Given that historical data is not available yet, you will see the above in the events section.

Give it a minute or so and try again. Eventually, you will see the following in the Events section.

  Normal   SuccessfulRescale             41s                    horizontal-pod-autoscaler  New size: 1; reason: All metrics below target

If you take a look at the kubia deployment, you will see it was scaled down from 3 pods to 1 pod.

Step 6 Create a service

kubectl expose deployment kubia --port=80 --target-port=8080

Step 7 Start another terminal session and run:

watch -n 1 kubectl get hpa,deployment

Step 8 Generate load to the Application

kubectl run -it --rm --restart=Never loadgenerator --image=busybox \
-- sh -c "while true; do wget -O - -q http://kubia.default; done"

Step 9 Observe autoscaling In the other terminal you will start noticing that the deployment is being scaled up.

Step 10 Terminate both sessions by pressing Ctrl+c

1.3 Scale size of pods with Vertical Pod Autoscaling

Step 1 Verify that Vertical Pod Autoscaling has already been enabled on the cluster. We enabled VPA when we created the cluster, by using --enable-vertical-pod-autoscaling. This command can be handy if you want to check VPA on an existing cluster.

gcloud container clusters describe k8s-scaling --zone us-central1-c | grep ^verticalPodAutoscaling -A 1

Step 2 Apply the hello-server deployment to your cluster

kubectl create deployment hello-server --image=gcr.io/google-samples/hello-app:2.0

Step 3 Ensure the deployment was successfully created

kubectl get deployment hello-server

Step 4 Assign a CPU resource request of 100m to the deployment

kubectl set resources deployment hello-server --requests=cpu=100m

Step 5 Inspect the container specifics of the hello-server pods, find Requests section, and notice that this pod is currently requesting the 450m CPU we assigned.

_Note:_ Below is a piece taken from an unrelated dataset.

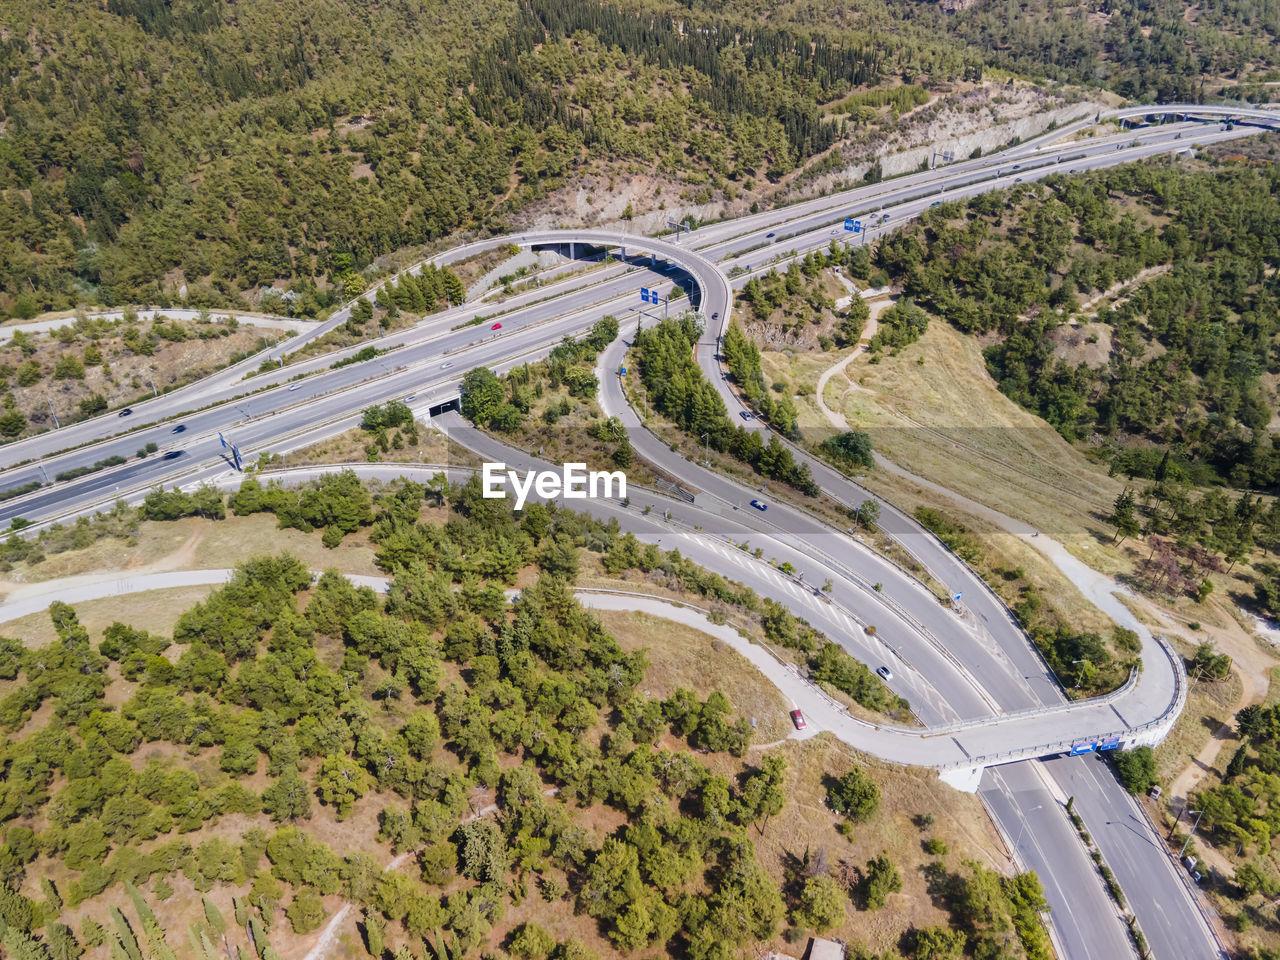 Aerial view of freeway
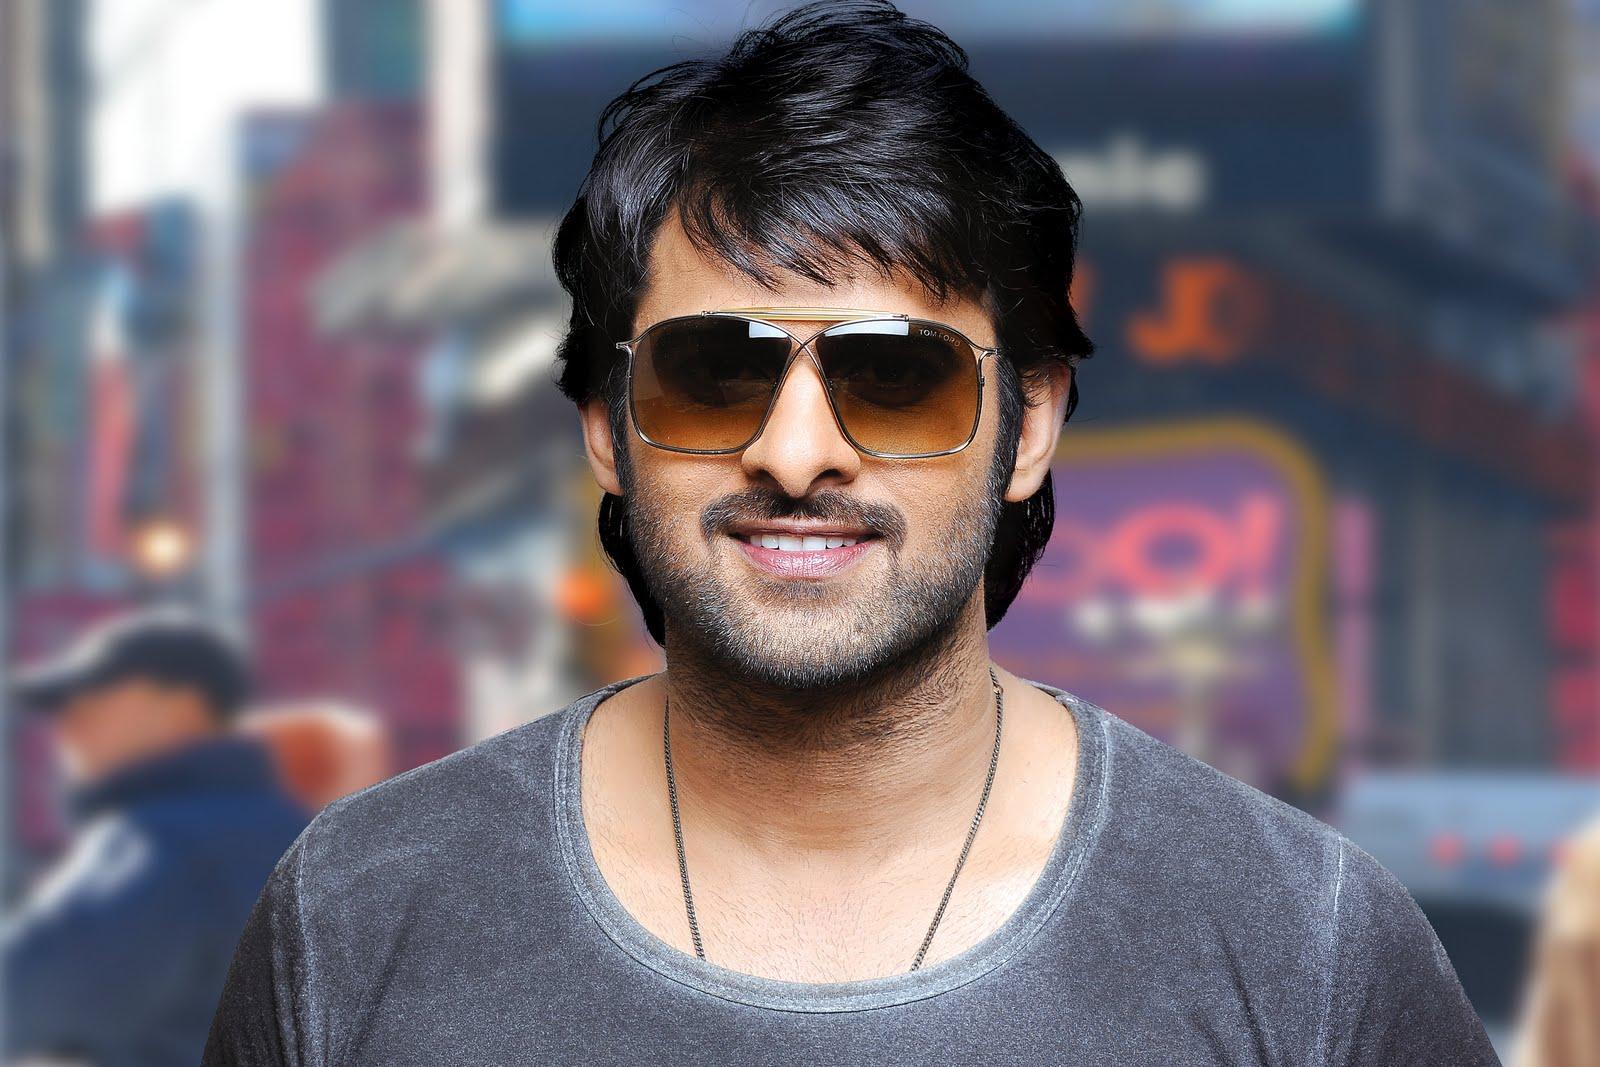 Prabhas Hd Wallpapers Download Telugu Actor Prabhas: 50+ Prabhas Images, Photos, Pics & HD Wallpapers Download

kubectl describe pod hello-server | sed -n "/Containers:$/,/Conditions:/p"

Output

Containers:
  hello-app:
    Image:      gcr.io/google-samples/hello-app:2.0
    Port:       <none>
    Host Port:  <none>
    Requests:
      cpu:        100m
    Environment:  <none>
    Mounts:
      /var/run/secrets/kubernetes.io/serviceaccount from default-token-rw2gr (ro)
Conditions:
Containers:
  hello-app:
    Container ID:   containerd://e9bb428186f5d6a6572e81a5c0a9c37118fd2855f22173aa791d8429f35169a6
    Image:          gcr.io/google-samples/hello-app:2.0
    Image ID:       gcr.io/google-samples/hello-app@sha256:37e5287945774f27b418ce567cd77f4bbc9ef44a1bcd1a2312369f31f9cce567
    Port:           <none>
    Host Port:      <none>
    State:          Running
      Started:      Wed, 09 Jun 2021 11:34:15 +0000
    Ready:          True
    Restart Count:  0
    Environment:    <none>
    Mounts:
      /var/run/secrets/kubernetes.io/serviceaccount from default-token-rw2gr (ro)
Conditions:

Step 6 Create a manifest for you Vertical Pod Autoscale

cat << EOF > hello-vpa.yaml
apiVersion: autoscaling.k8s.io/v1
kind: VerticalPodAutoscaler
metadata:
  name: hello-server-vpa
spec:
  targetRef:
    apiVersion: "apps/v1"
    kind:       Deployment
    name:       hello-server
  updatePolicy:
    updateMode: "Off"
EOF

Step 7 Apply the manifest for hello-vpa

kubectl apply -f hello-vpa.yaml

Step 8 Wait a minute, and then view the VerticalPodAutoscaler

kubectl describe vpa hello-server-vpa

Step 9 Locate the "Container Recommendations" at the end of the output from the describe command. If you don't see it, wait a little longer and try the previous command again. When it appears, you'll see several different recommendation types, each with values for CPU and memory:

  • Lower Bound: this is the lower bound number VPA looks at for triggering a resize. If your pod utilization goes below this, VPA will delete the pod and scale it down.
  • Target: this is the value VPA will use when resizing the pod.
  • Uncapped Target: if no minimum or maximum capacity is assigned to the VPA, this will be the target utilization for VPA.
  • Upper Bound: this is the upper bound number VPA looks at for triggering a resize. If your pod utilization goes above this, VPA will delete the pod and scale it up.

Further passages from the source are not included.